* _Data provided_
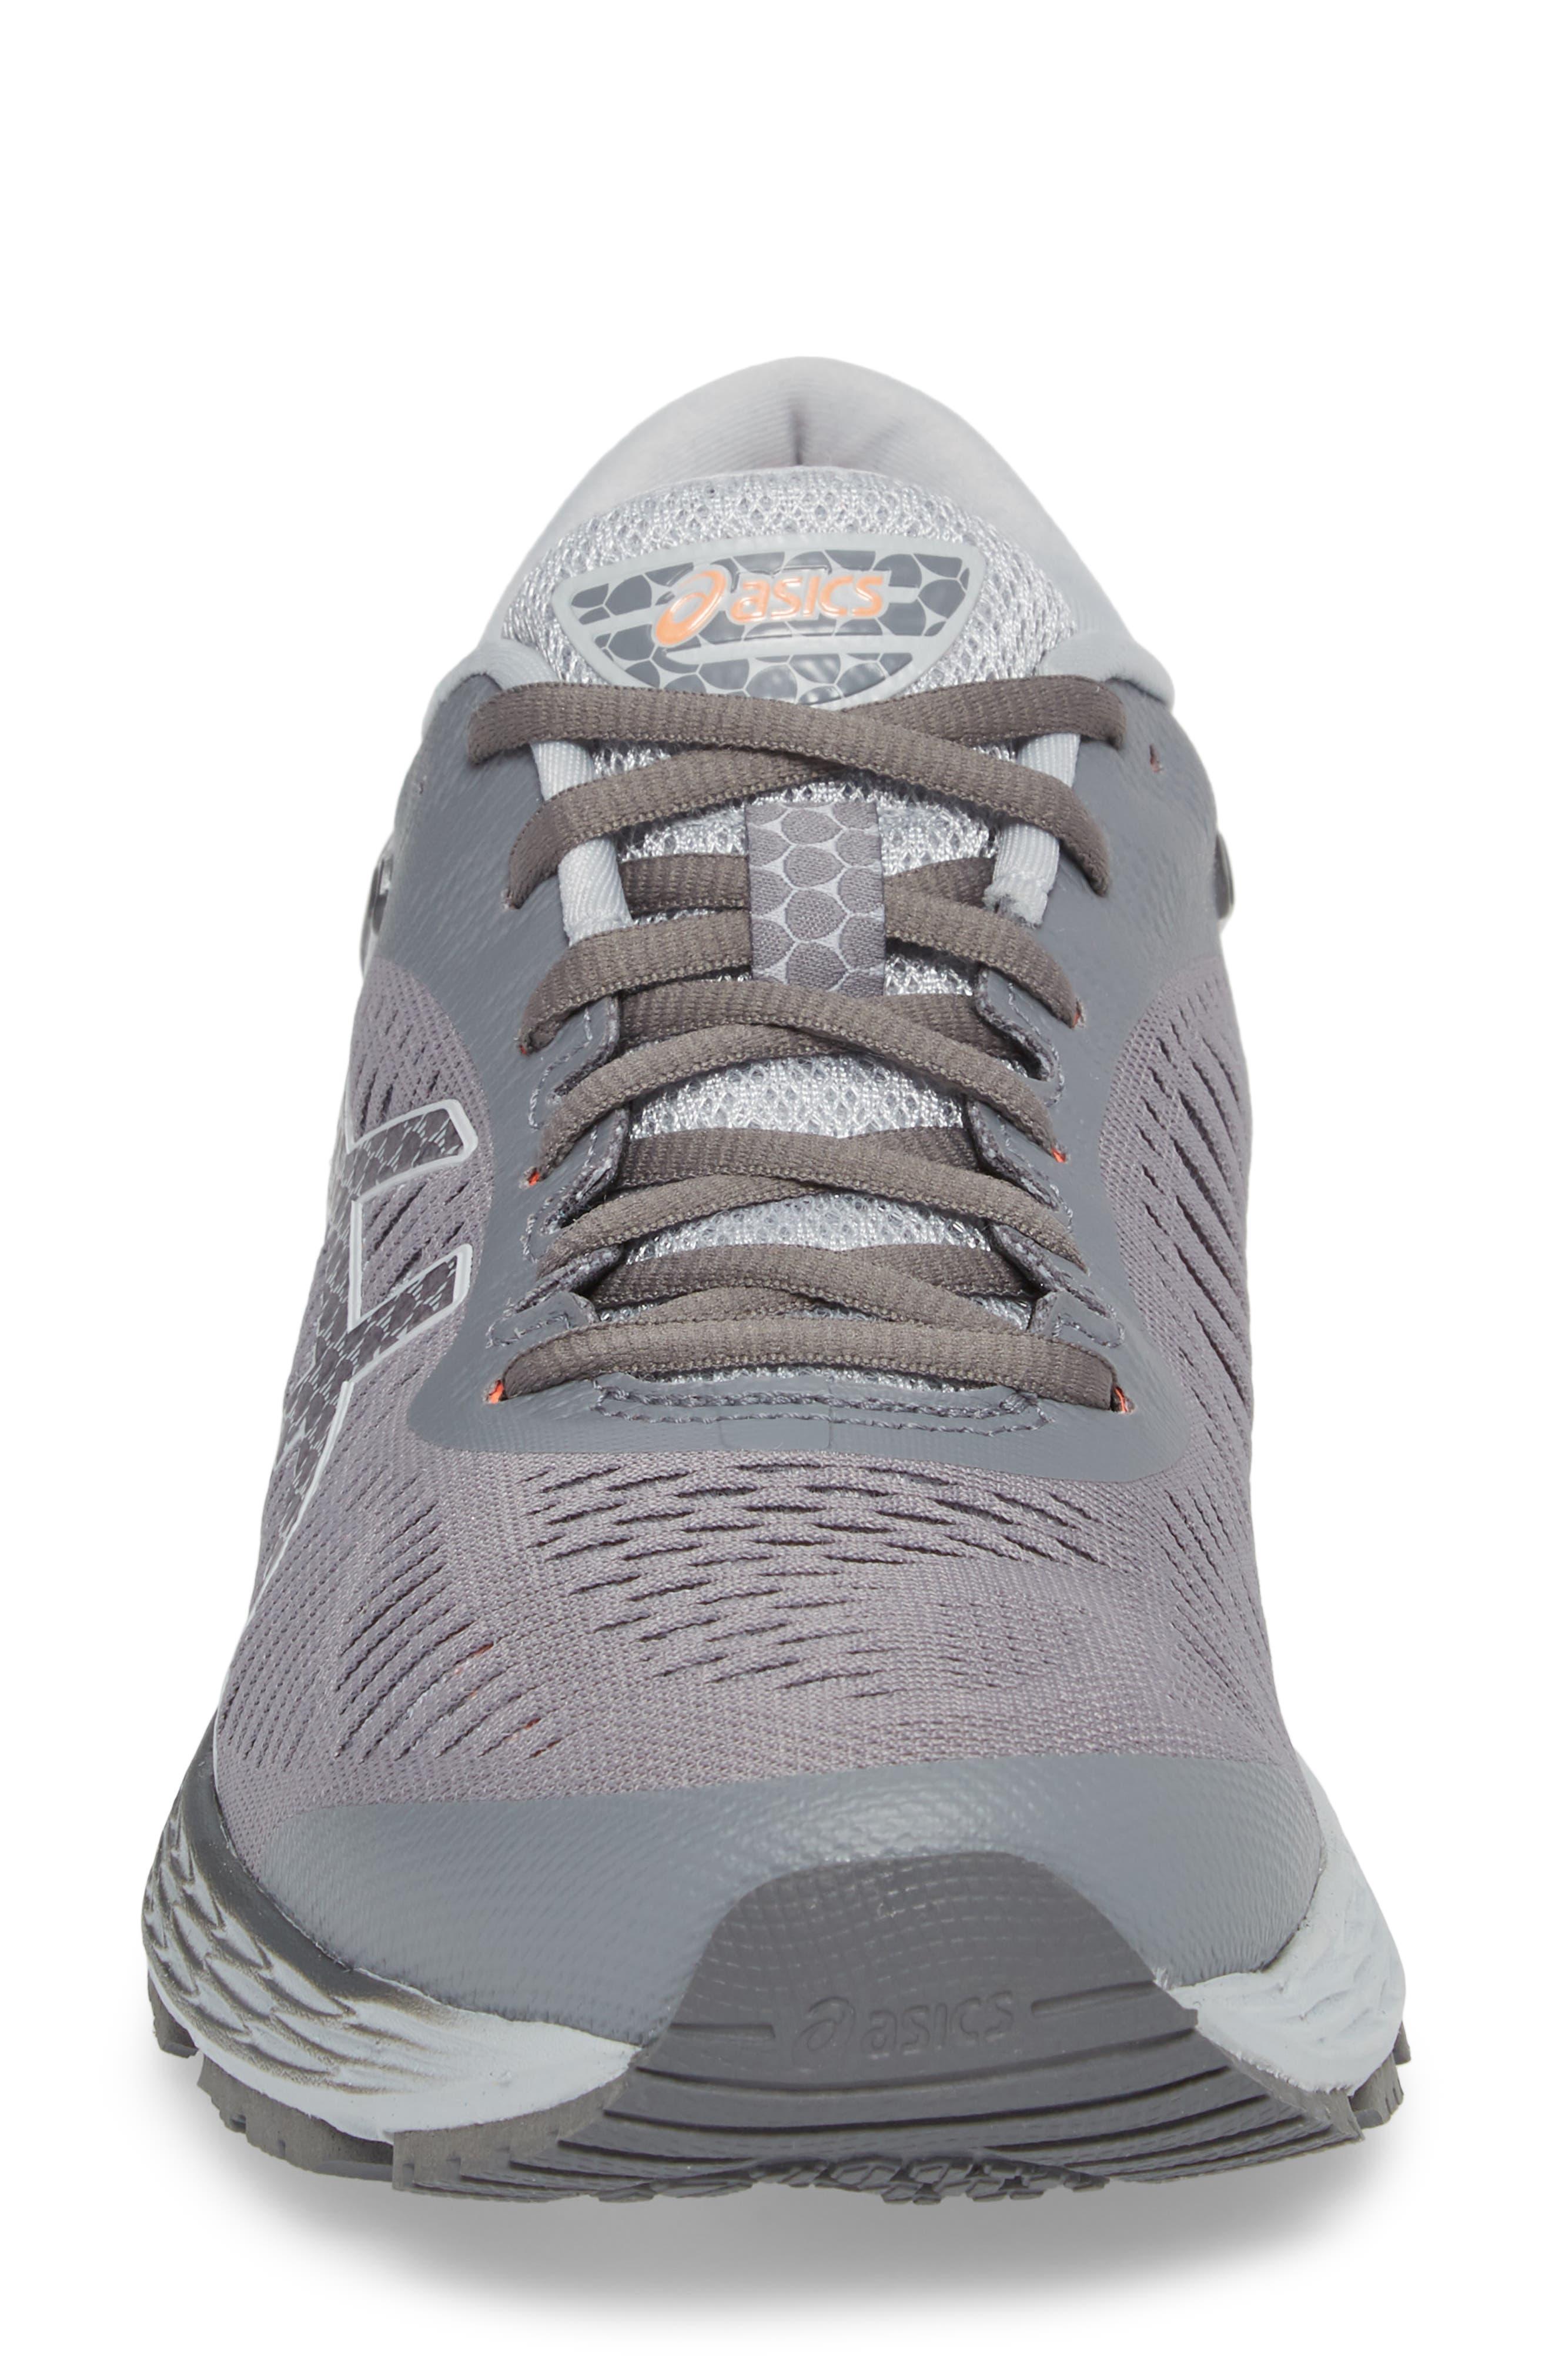 ASICS<SUP>®</SUP>, GEL-Kayano<sup>®</sup> 25 Running Shoe, Alternate thumbnail 4, color, CARBON/ MID GREY
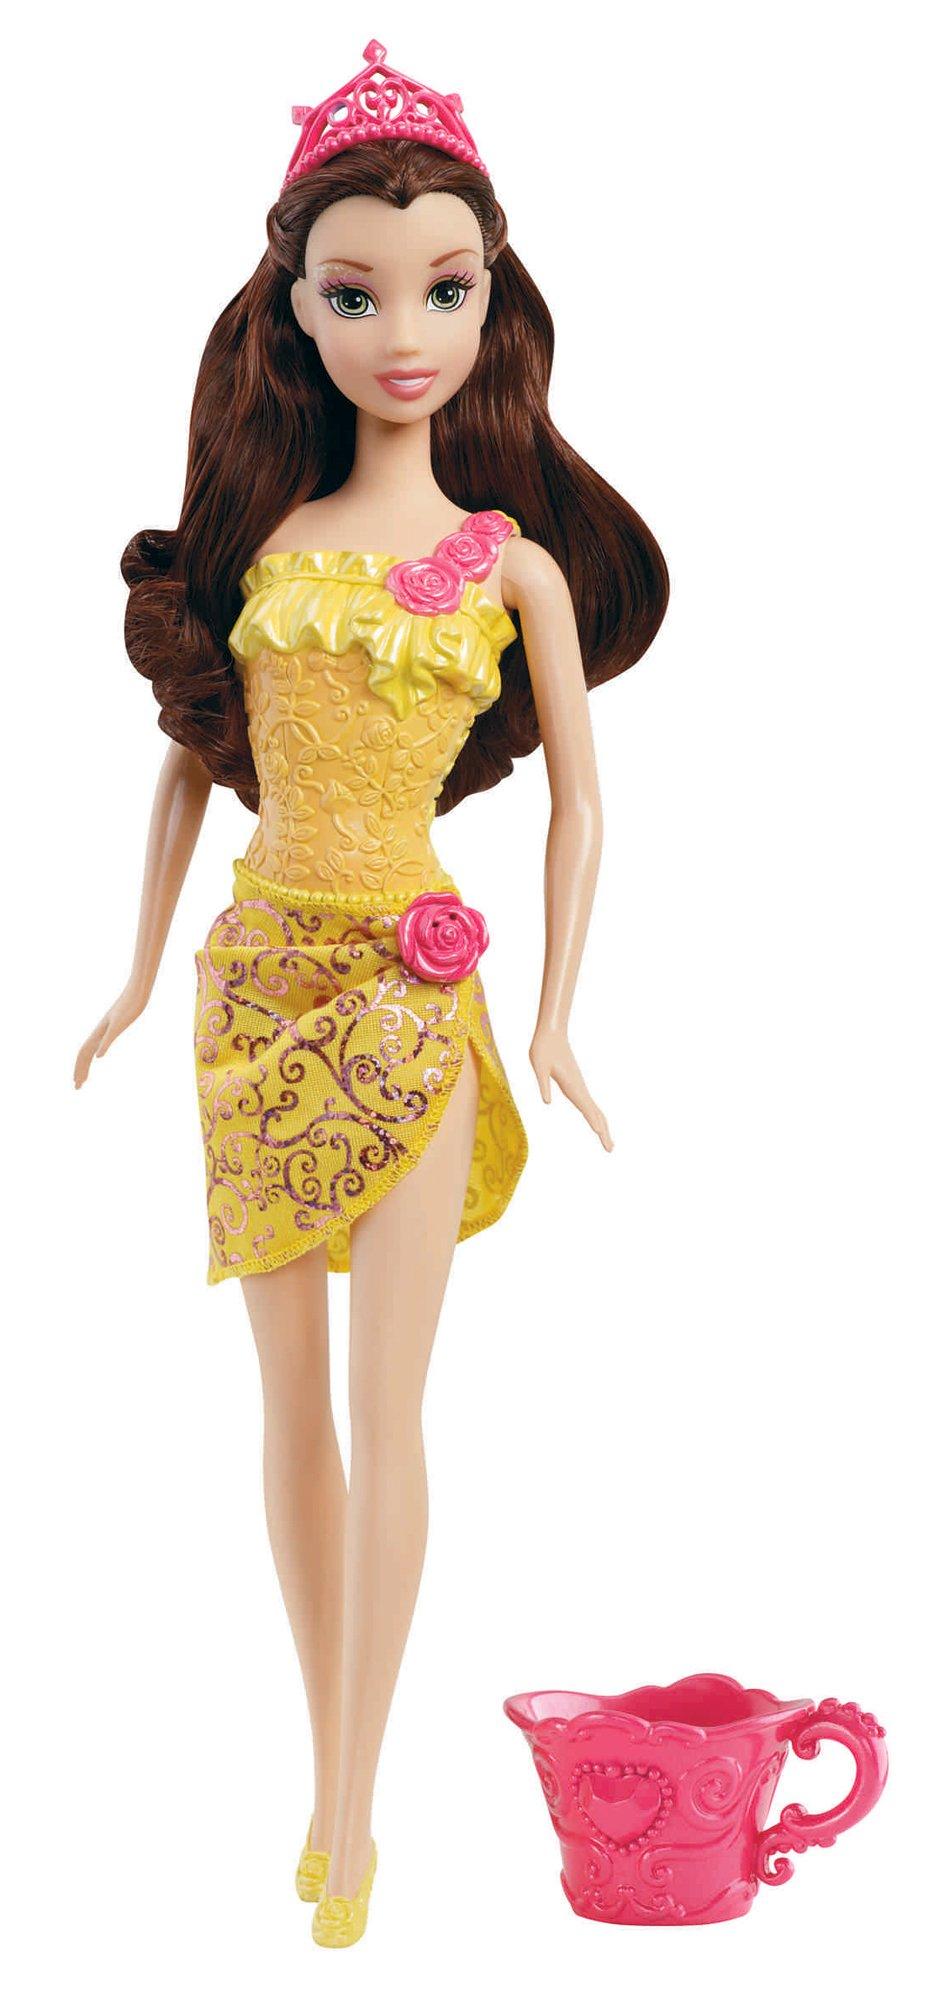 Disney Princess Bath Beauty Belle Doll 2012 Toysplus
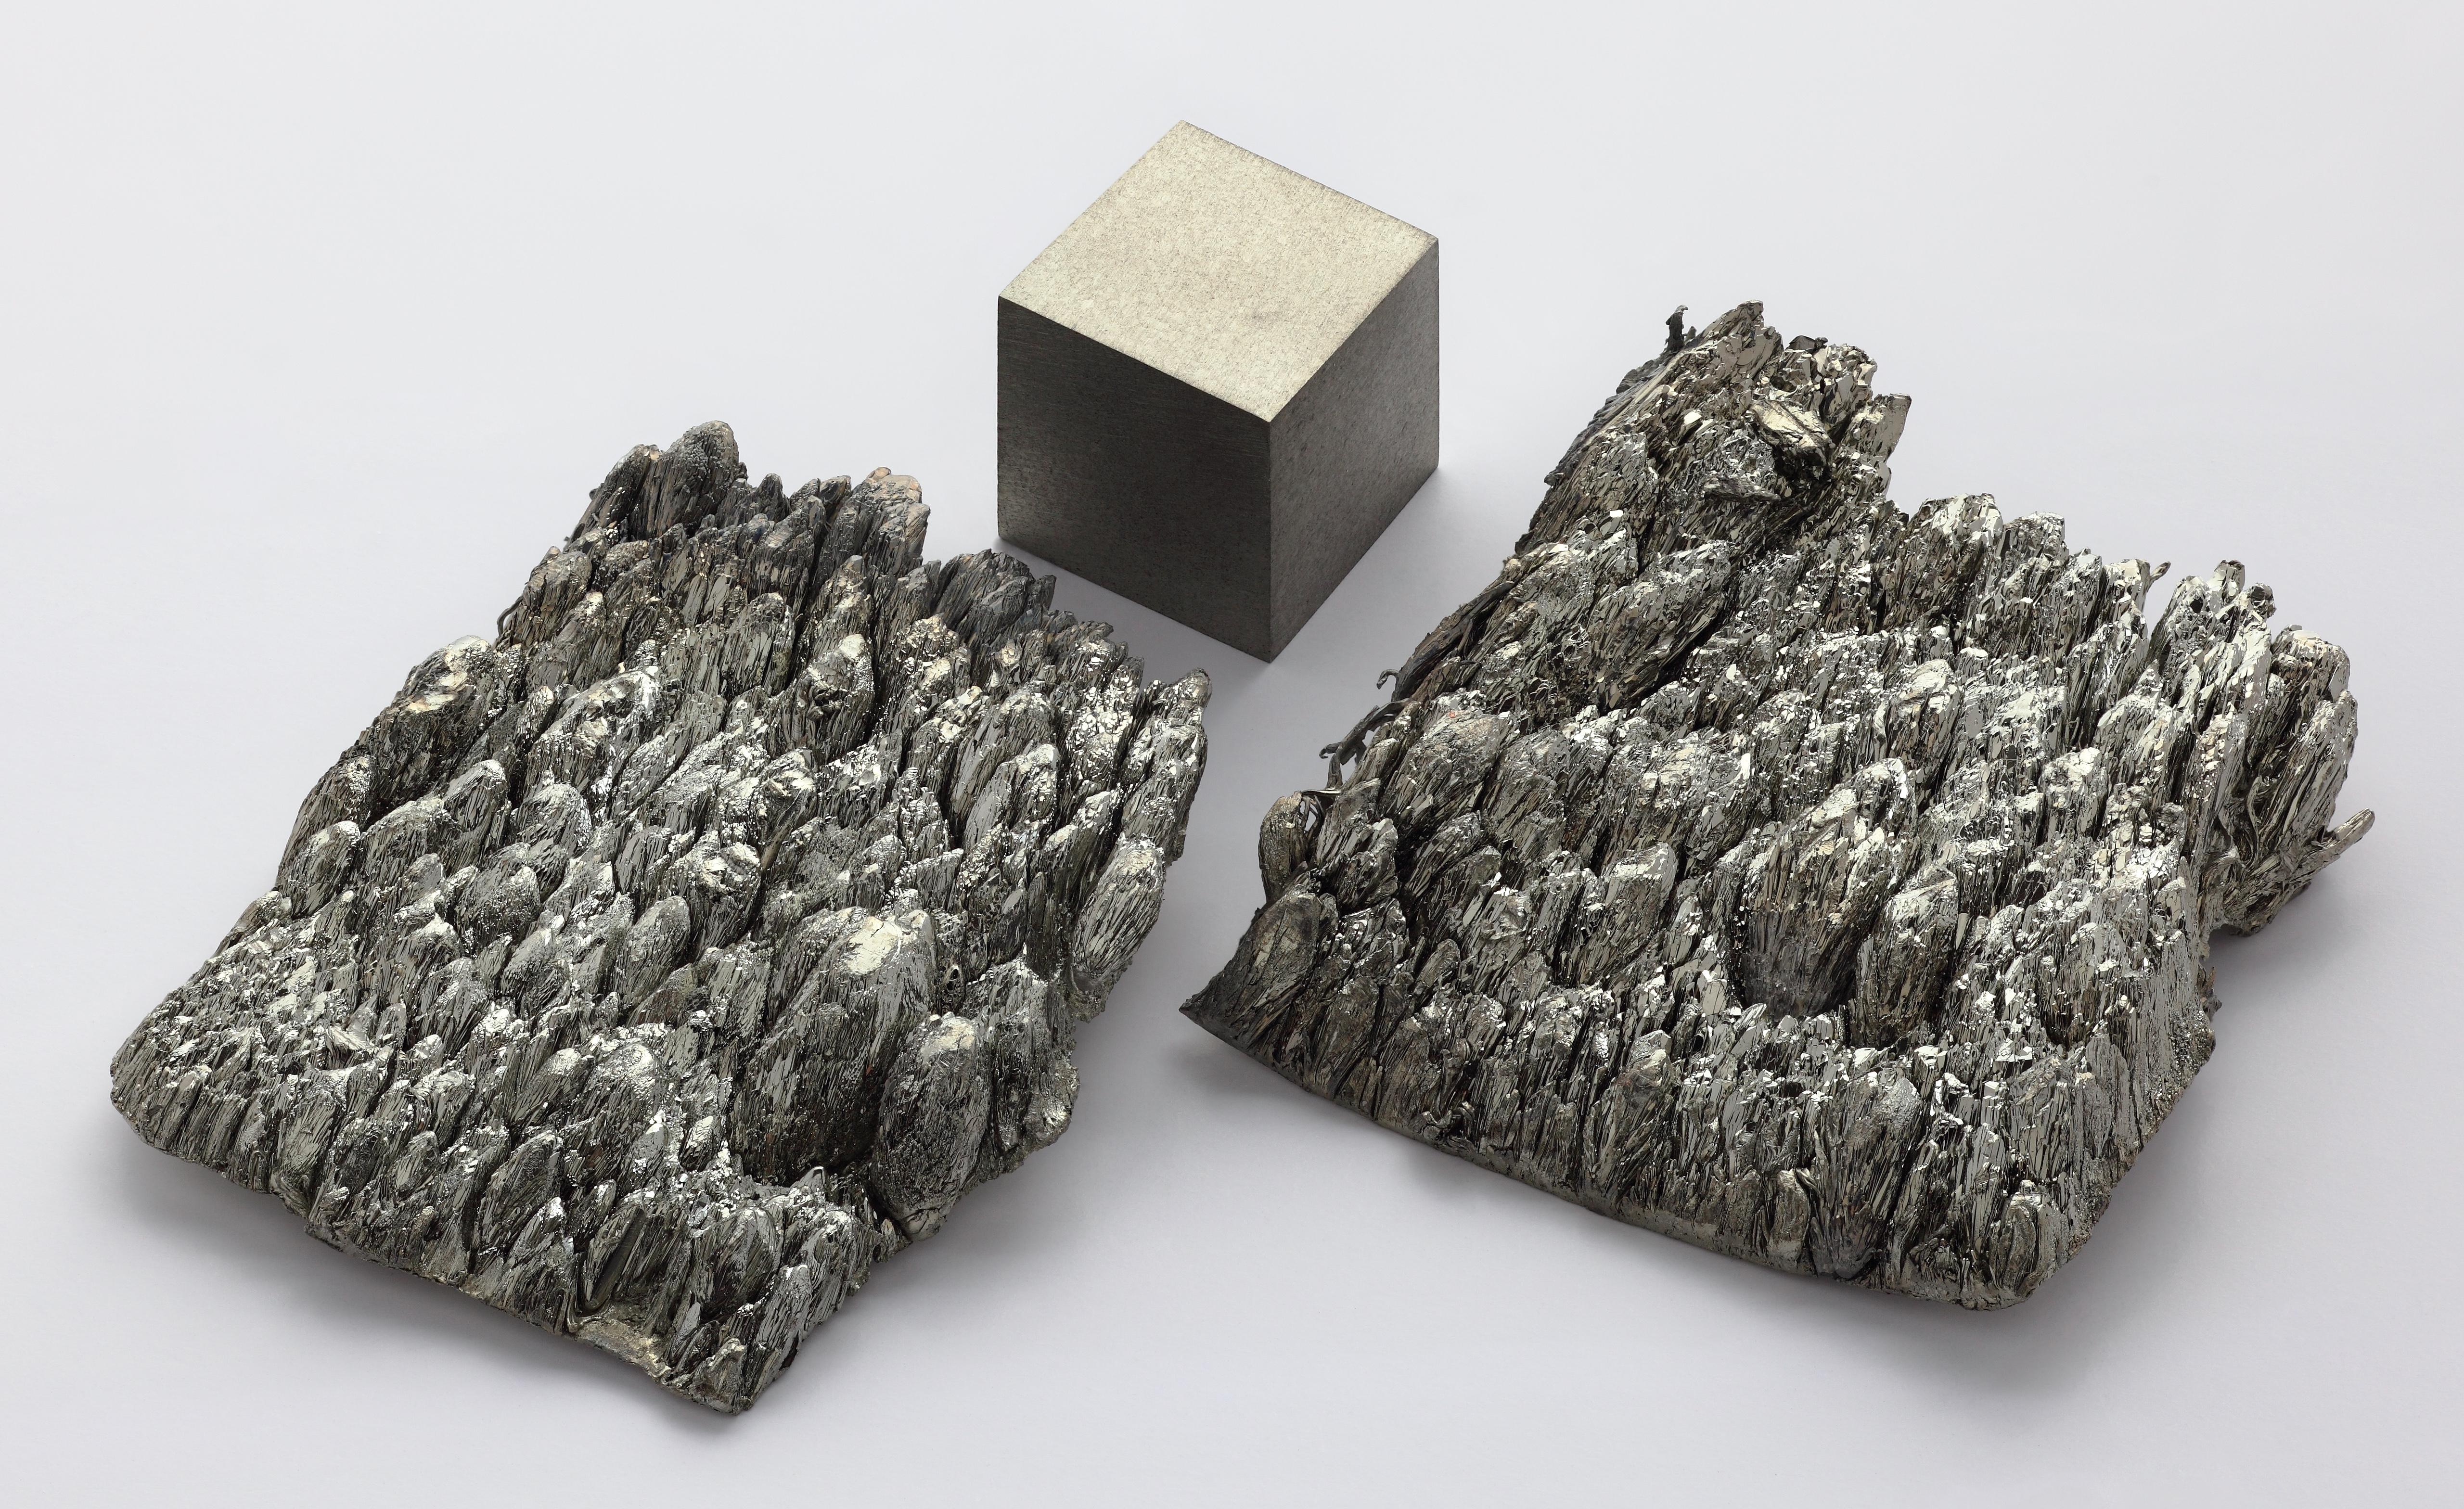 Pure Scandium Cube and Dendrite Crystals (photo credit: Alchemist-hp)

* _Task prompt_
Quote the data above in full, leaving out the pictures it holds.

* _Task answer_
 ASICS<SUP>®</SUP>, GEL-Kayano<sup>®</sup> 25 Running Shoe, Alternate thumbnail 4, color, CARBON/ MID GREY
 Disney Princess Bath Beauty Belle Doll 2012 Toysplus
 Pure Scandium Cube and Dendrite Crystals (photo credit: Alchemist-hp)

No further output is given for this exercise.